Okumuş olduğum kitaplara tek tek post yazmak yerine toplu olarak yazmak işime geliyor :)
Geçen Kpss sınavımdan hemen sonra Eskişehir'e gitmek için bilet ayırtmıştım. Yanıma da kitaplaşma etkinliğinden gelen muz seslerini aldım. Rezervasyon yaptırdığım bileti zamanında alamayınca iki saat beklemek zorunda kaldım. Neyse ki can yoldaşım kitap yanında idi zaman nasıl geçti anlamadım. Berbat bir yolculuk ile kitabı yarılamış oldum. Pazar tüm gün es es gezdiğimiz için kitabı elime almadım. Pazartesi iş görüşmem vardı o yüzden pazar gece göndüm. Döndüğüm gibi de kitabı bitirdim.
Kitap 3 farklı mekanda geçiyor. Günümüz Oxford'unda kendisinin bile ne yaptığından haberi olmayan kızımız, 1980 yıllarının Beyrutun'dan babadan kızına yazılmış mektuplar ve mektupların peşinden giden günümüz Beyrutun da bir Filipinli bir kız.
Kitabın en güzel kısmı, toplama kampında doktorluk yapan babanın ayrılmak zorunda kaldığı kızına yazılan mektupları. Sonunu beğenmesem de genel olarak güzeldi.
Kısaca göz gezdirecek olursak;
İnsan yalnızken bir tane daha kendinden doğuruyor içinde, ''korkma'' desin diye.
Bilginin sadece çocukluk ezberleri karşısında yenildiğini düşünüyordu.
Ne yaparsan yap, sadece hikaye kalıyor geriye. Anlatılınca yalan gibi, hiç olmamış gibi gelen.
İnsanlara bakmayı unutmazsan aslında, hiç korkmazsın.
Savaşmayı bırakmış erkek, savaşanlardan daha ürkütücüdür.
Biz, çok güldüğümüzde daha gülerken yakında ağlayacağımızı düşünüp suratını asan insanlarız.
Herkes toprağının kaderini sırtında mı taşır?
Kaç silah varsa o kadar tarih vardır burada.
Yoksullukta savaş gibidir. Ancak dışarıdan bakınca görünür insana verdiği hasar.
Büyüklere yalan söyleyebilirim, ama çocuklara... Bilmem, günah gibi geliyor.
Dilini bilmediğin bir yerde ağlamak fenadır. Çünkü seni, senin dilinden susturacak kimse yoktur.
Hiç kimse olmaya cesaret et Filipina. Hikayeler orada başlar.
Yara, en canlı yeridir gövdenin. Hareket oradadır. Can, tam yaradadır. kimilerimiz, kan gibidir. Yaranın olduğu yöne doğru akar.
Öfkesi da büyük olan eninde sonunda kazanır.
Kimse günahını hatırlamıyor, kimse alacağı intikamı unutmuyor.

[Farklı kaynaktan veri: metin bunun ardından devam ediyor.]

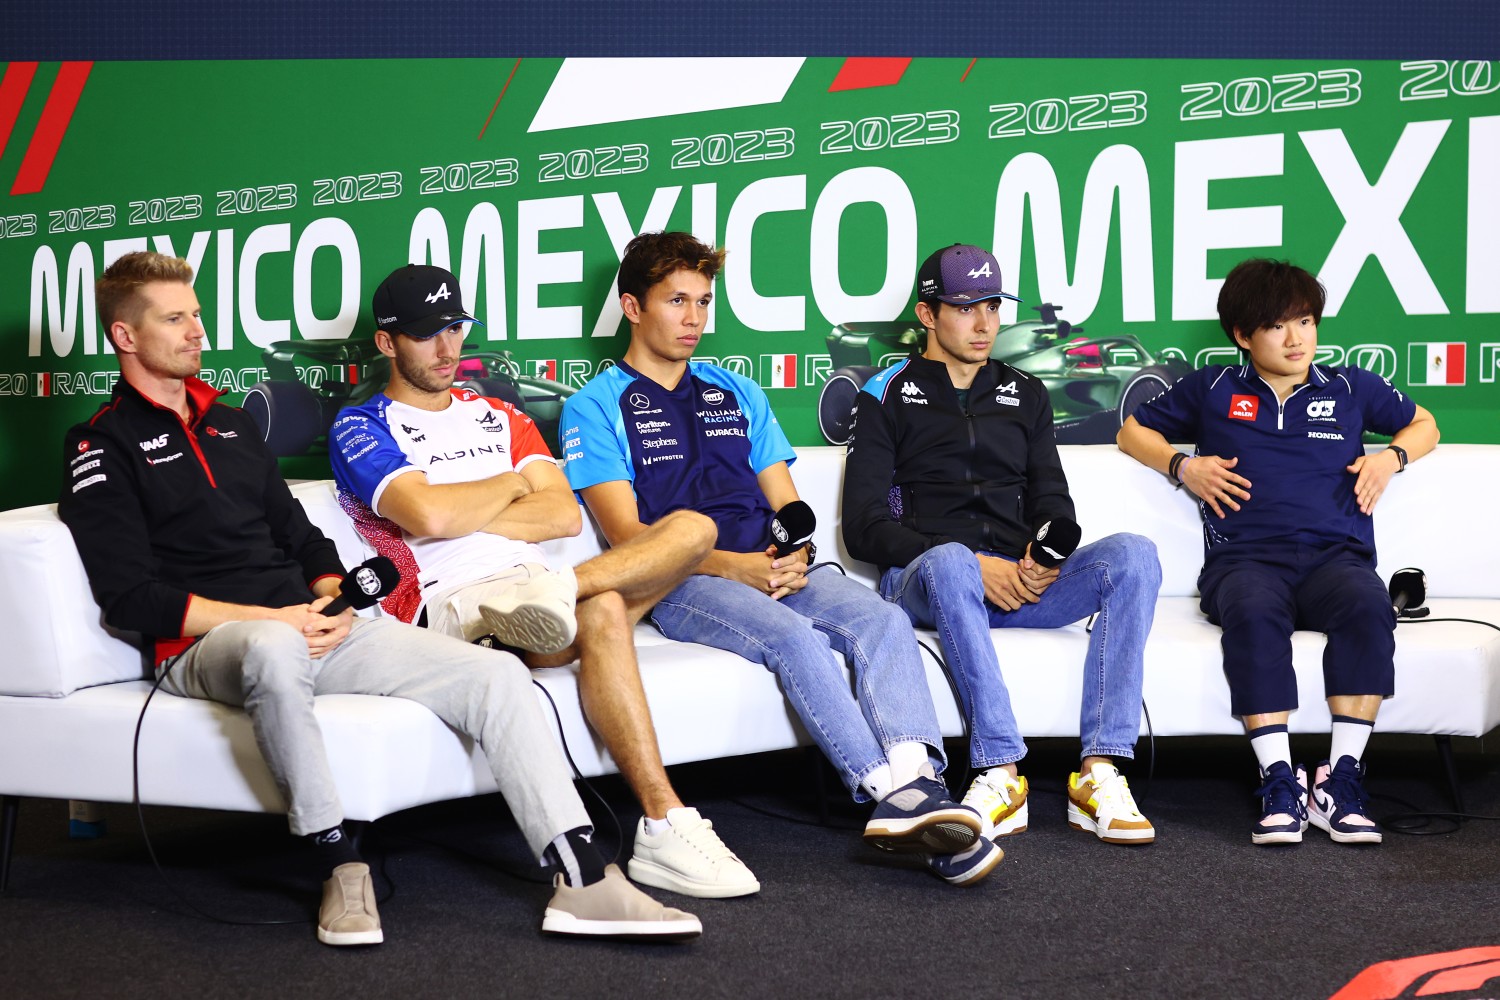 Nico Hulkenberg of Germany and Haas F1, Pierre Gasly of France and Alpine F1, Alexander Albon of Thailand and Williams, Esteban Ocon of France and Alpine F1 and Yuki Tsunoda of Japan and Scuderia AlphaTauri attend the Drivers Press Conference during previews ahead of the F1 Grand Prix of Mexico at Autodromo Hermanos Rodriguez on October 26, 2023 in Mexico City, Mexico. (Photo by Dan Istitene/Getty Images)

Bir diğer kitabımız/kitaplarımız da kitaplaşma etkinliğinden Türk mitolojisi. İkinci kitabımız da babamın kitaplarında Mitolojiden efsaneye
İkisini beraber okuyayım dedim. sıradan okur için oldukça sıkıcı uslup'a sahip. Yok ben tarih öğrencisiyim kaynağı, sıkıcı notları da olsun diyorsanız, iki kitabı da beğenirsiniz :)
Çok şükür atalarımız Talas savaşında İslamiyeti kabul etmişler de kuşa, böceğe değer vermekten kurtulmuşuz. Kuşlar, böcekler lafın gelişi tabi ki.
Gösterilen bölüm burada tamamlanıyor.